Motion in general central force field

Consider the motion of an object in a general (attractive) central force field characterized by the potential energy per unit mass function $V(r)$. Because the force field is central, it still remains true that

$$h = r^{\,2}\,\skew{5}\dot{\theta}$$ (5.1)

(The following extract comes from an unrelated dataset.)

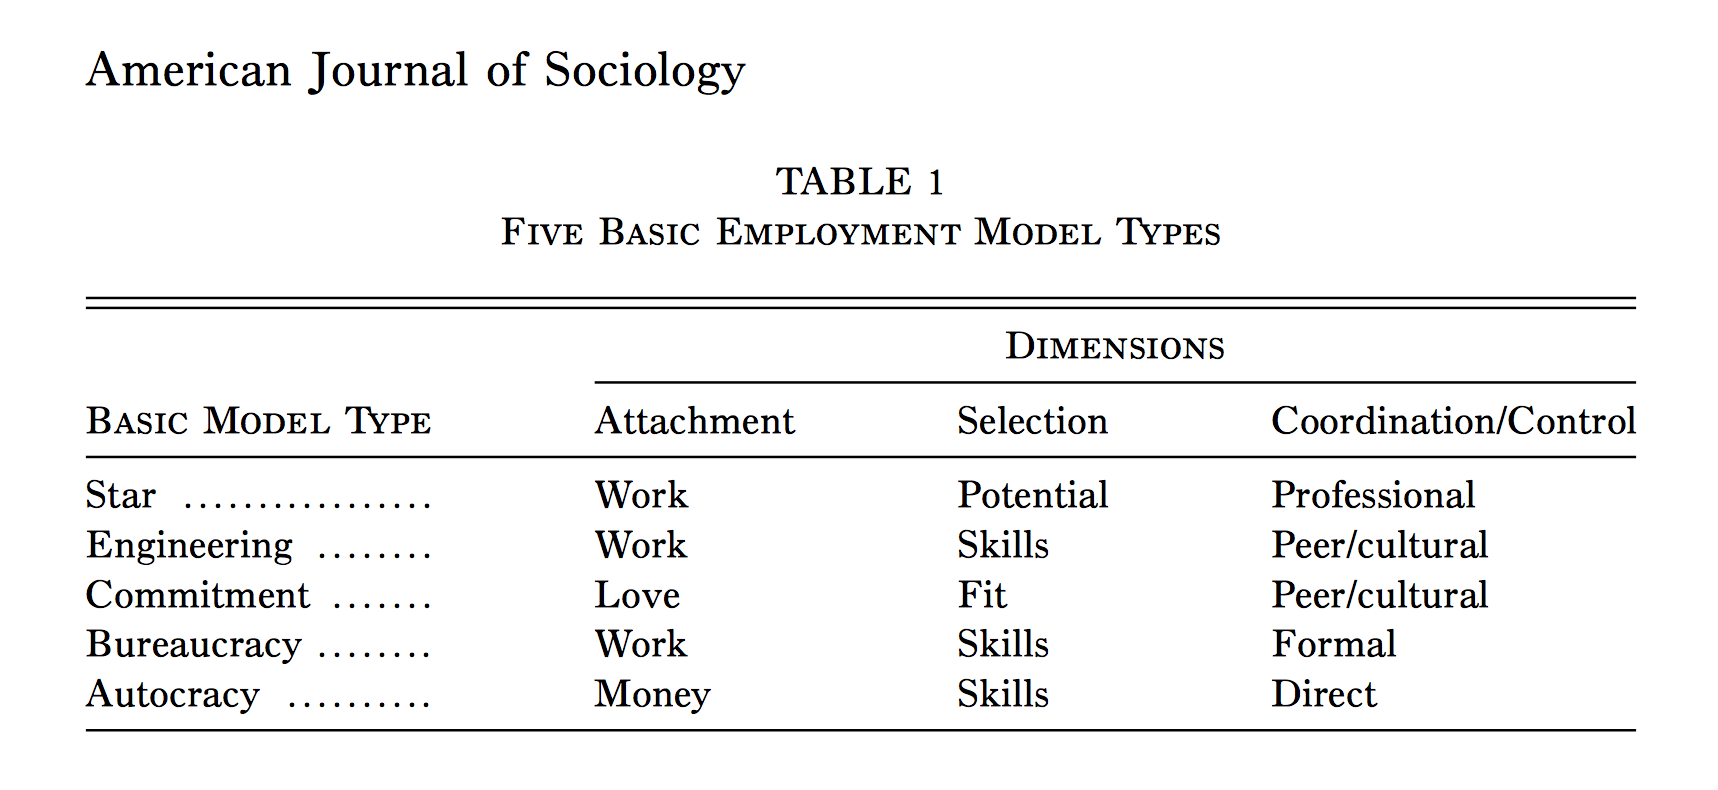 american_journal_of_sociology.png

is a constant of the motion. (See Section 4.5.) As is easily demonstrated, Equation (4.28) generalizes to

$$\frac{d^{\,2} u}{d\theta^{\,2}} + u = - \frac{1}{h^{\,2}}\frac{dV}{du},$$ (5.2)

where $u=r^{\,-1}$.

Suppose, for instance, that we wish to find the potential $V(r)$ that causes an object to execute the spiral orbit

$$r = r_0\,\theta^{\,2}.$$ (5.3)

Substitution of $u = (r_0\,\theta^{\,2})^{-1}$ into Equation (5.2) yields

$$\frac{d V}{du} = - h^{\,2}\left(6\,r_0\,u^{\,2} + u\right).$$ (5.4)

Integrating, we obtain

$$V(u) = -h^{\,2}\left(2\,r_0\,u^{\,3} + \frac{u^{\,2}}{2}\right),$$ (5.5)

or

$$V(r) = - h^{\,2}\left(\frac{2\,r_0}{r^{\,3}} + \frac{1}{2\,r^{\,2}}\right).$$ (5.6)

In other words, the orbit specified by Equation (5.3) is obtained from a mixture of an inverse-square and inverse-cube potential.